My daughter is very unique.  She's always been fairly smart and we knew she had potential to something really special on day.  A couple of weeks ago, she absolutely amazed me.  My mother-in-law died unexpectedly and we drove about 25 miles to my father-in-laws house.  When we got there, my daughter and I were sitting off to the side and she told me that when she gets upset, she likes to memorize numbers.  She told me that she memorized all the numbers on the street signs that she saw on the way to my father-in-law's house.  I asked her what the number was and she says this number that is bigger than anything I had ever heard in my life.  I got out my phone and told her to tell me the number again.  As she said it, I typed it into the calculator on my phone.  I screen shot it and asked her to say the number again.  She did and said every number correctly.  I was shocked.  The number was 28 digits long.  I thought that was pretty impressive to learn in 25 minutes while traveling in a car.  Two days later after the funeral, I asked my daughter if she remembered the number.  She said yes and I pulled out my phone.  She said the number exactly like she said it before.  I told her that was great but if she really wanted to impress me, she would say it backwards.  She said the entire 28 digit number backwards.  I was floored.  How?

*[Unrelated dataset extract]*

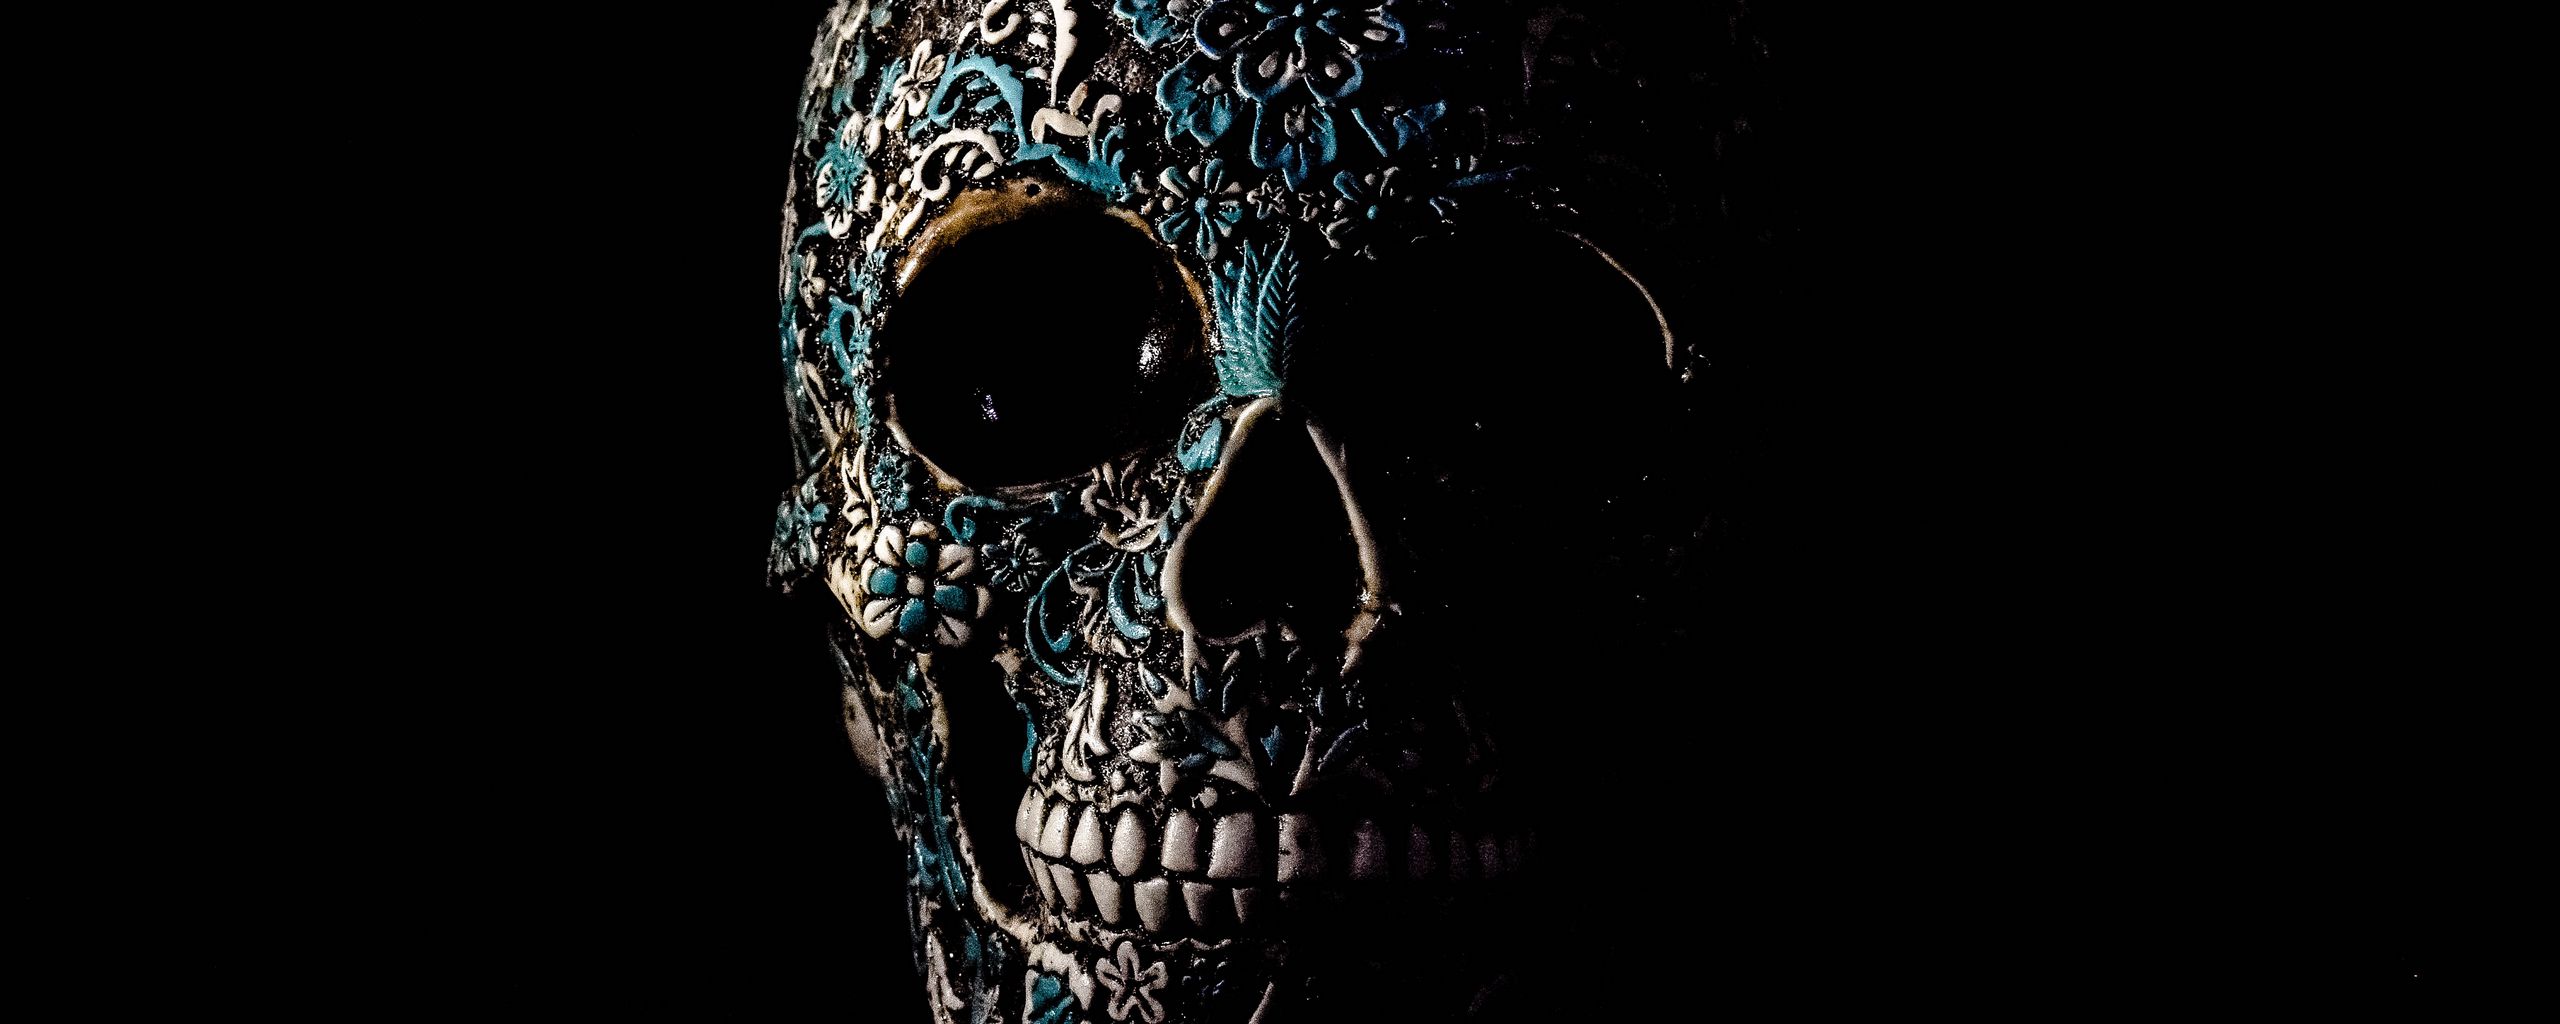 2560x1024 Wallpaper skull, dark, patterns, bones

At the height of my intelligence, I couldn't have done that.  She is definitely smarter than I am and I'm glad.


----------



## Kawaliga (Jun 19, 2017)

Sounds like a super smart young lady. I know how proud you must be of her. Missed you at the Donalsonville artifact show.


----------



## Bow Only (Jun 20, 2017)

Kawaliga said:


> Sounds like a super smart young lady. I know how proud you must be of her. Missed you at the Donalsonville artifact show.


I hate I missed the show, I've just got a lot of irons in the fire lately.  Building the cabin and the pond have taken all of my time and it seems like it is finally getting close to completion.  Totally transforming 25 acres is a huge task for one person.


----------



## Milkman (Jul 3, 2017)

Pretty amazing at any age.  How old is she?


----------